Task objective: Starting at the line containing "Mitchell Starc had" and ending at the line containing "Skate shoes Vans", transcribe the listing below exactly. Keep both end lines, skip the pictures, and copy nothing else.

Provided entries:
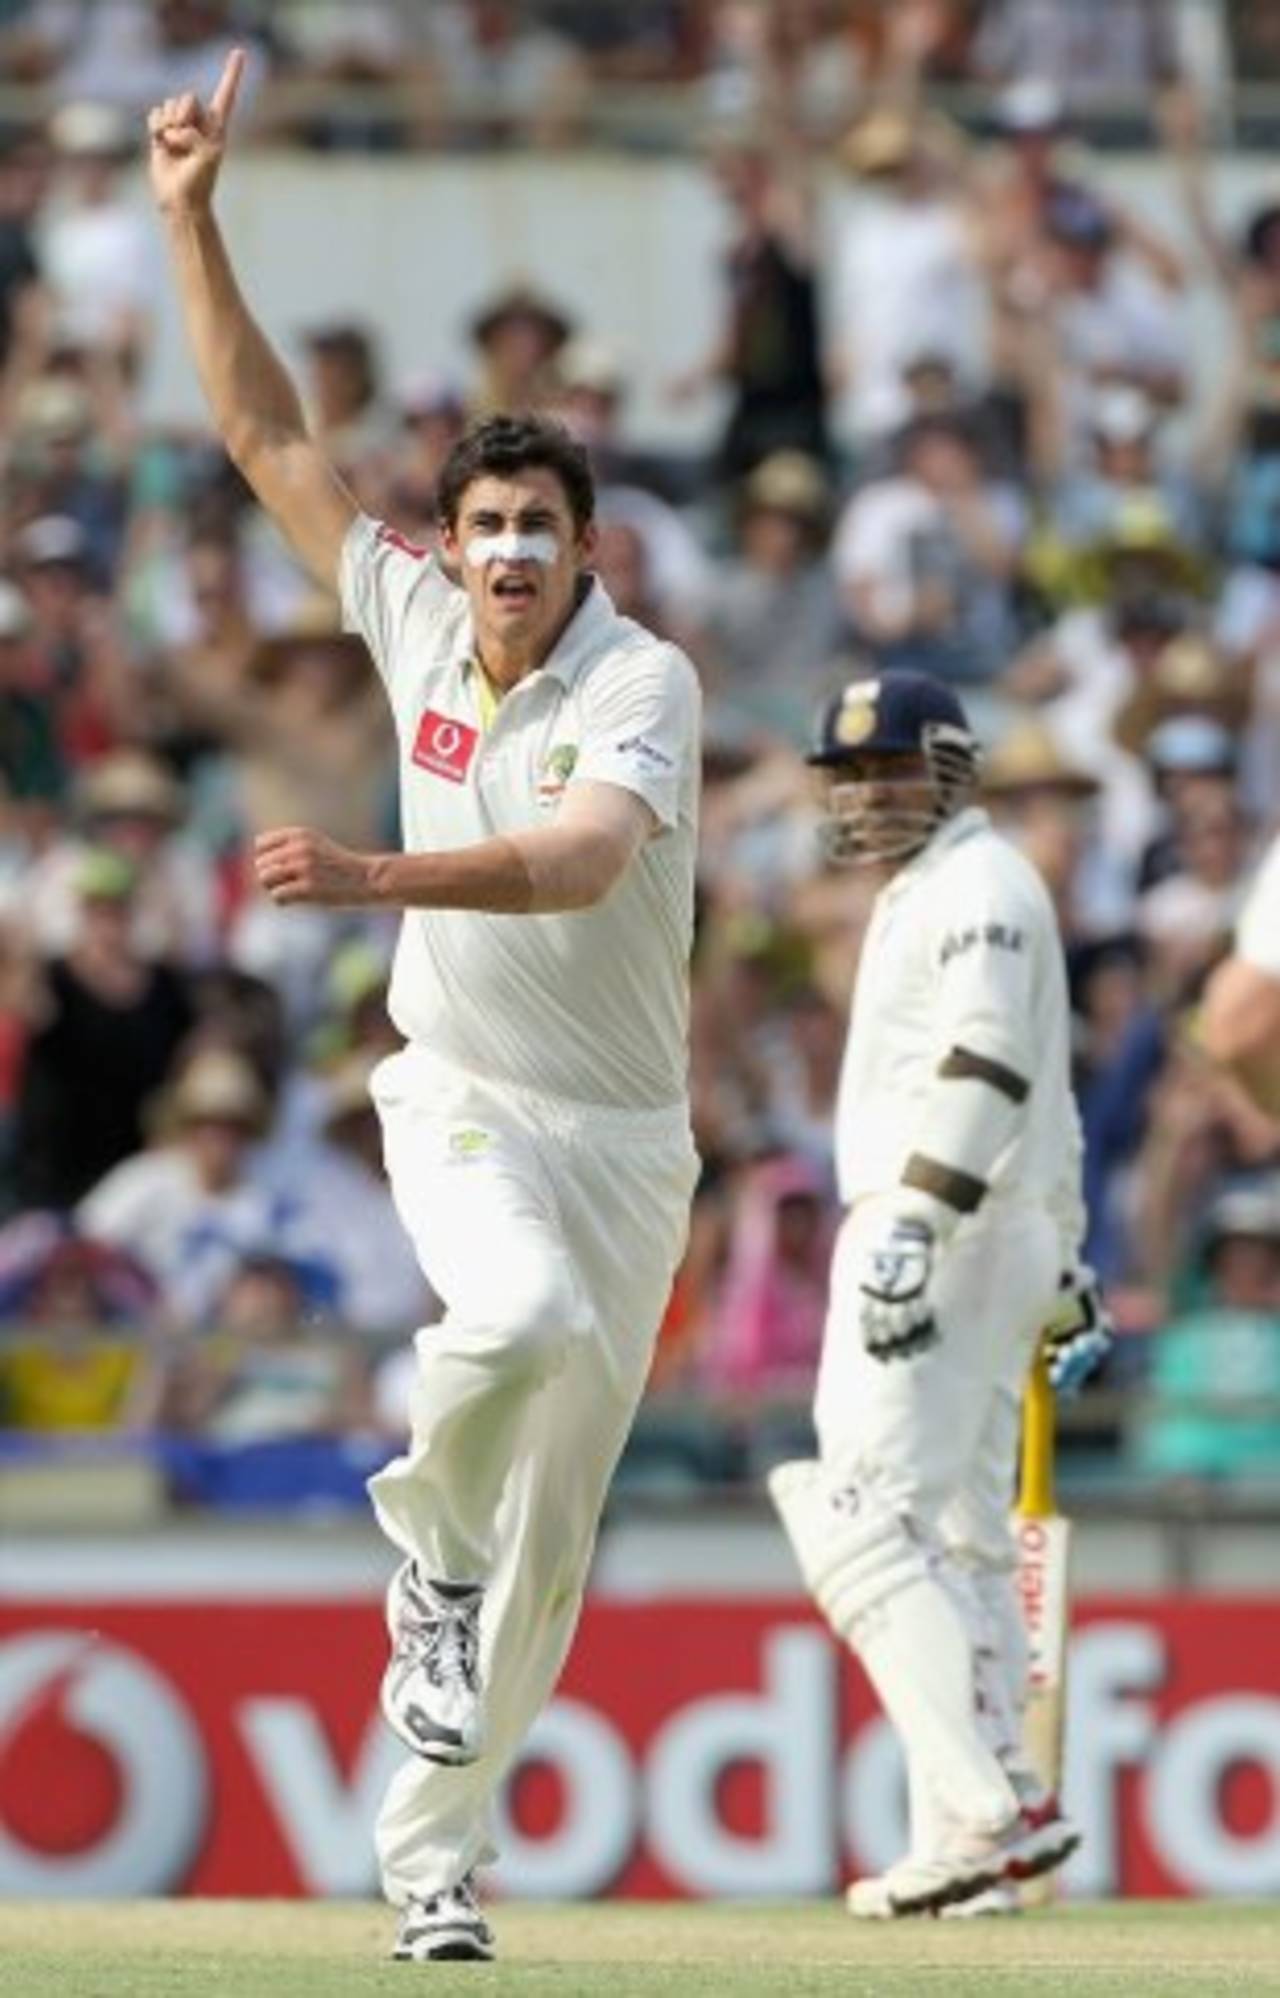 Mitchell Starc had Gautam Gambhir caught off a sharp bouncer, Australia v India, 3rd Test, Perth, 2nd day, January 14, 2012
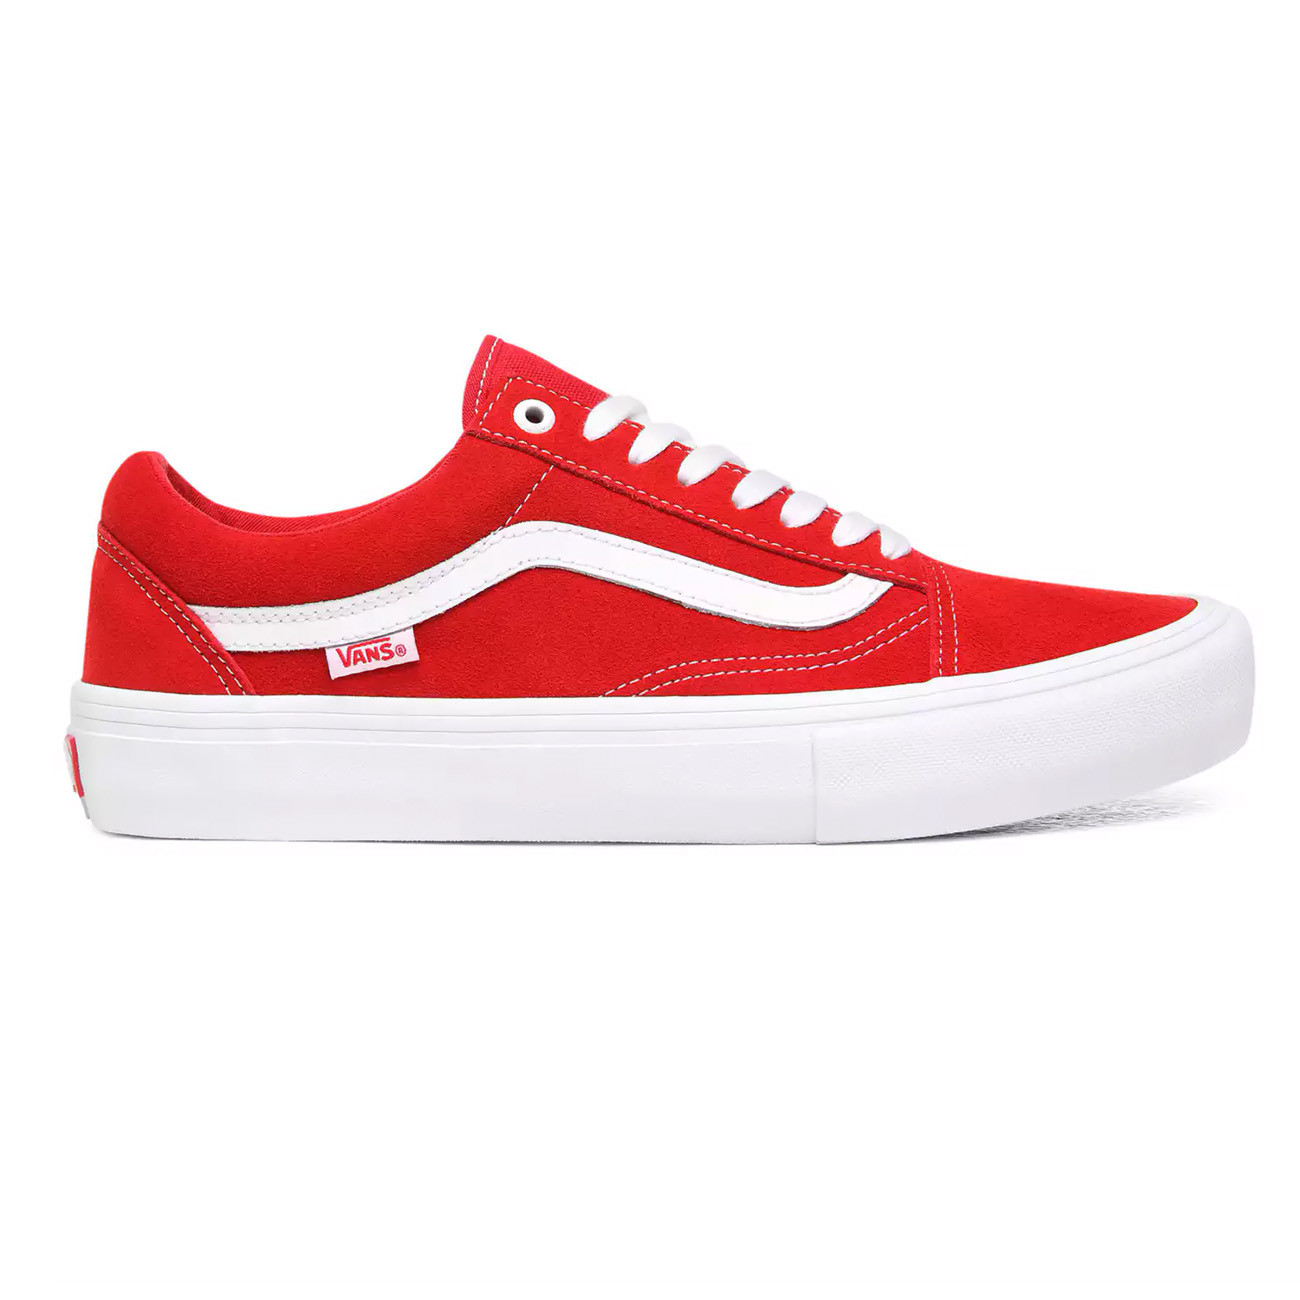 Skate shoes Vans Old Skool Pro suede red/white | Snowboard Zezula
==
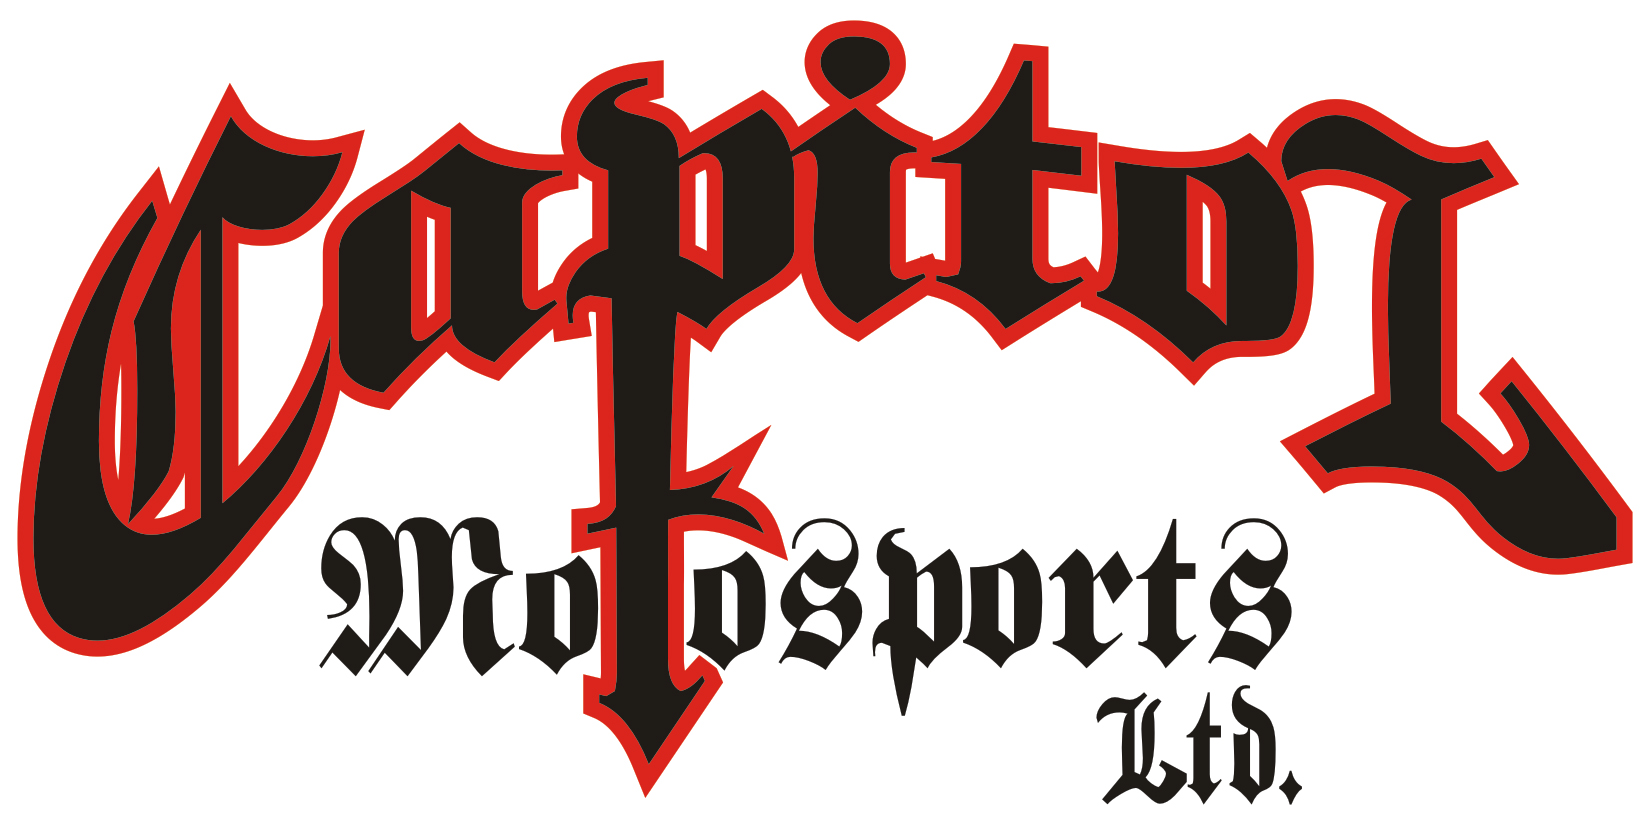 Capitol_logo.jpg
---
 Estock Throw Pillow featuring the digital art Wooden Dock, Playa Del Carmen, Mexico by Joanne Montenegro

Exercise answer:
 Mitchell Starc had Gautam Gambhir caught off a sharp bouncer, Australia v India, 3rd Test, Perth, 2nd day, January 14, 2012
 Skate shoes Vans Old Skool Pro suede red/white | Snowboard Zezula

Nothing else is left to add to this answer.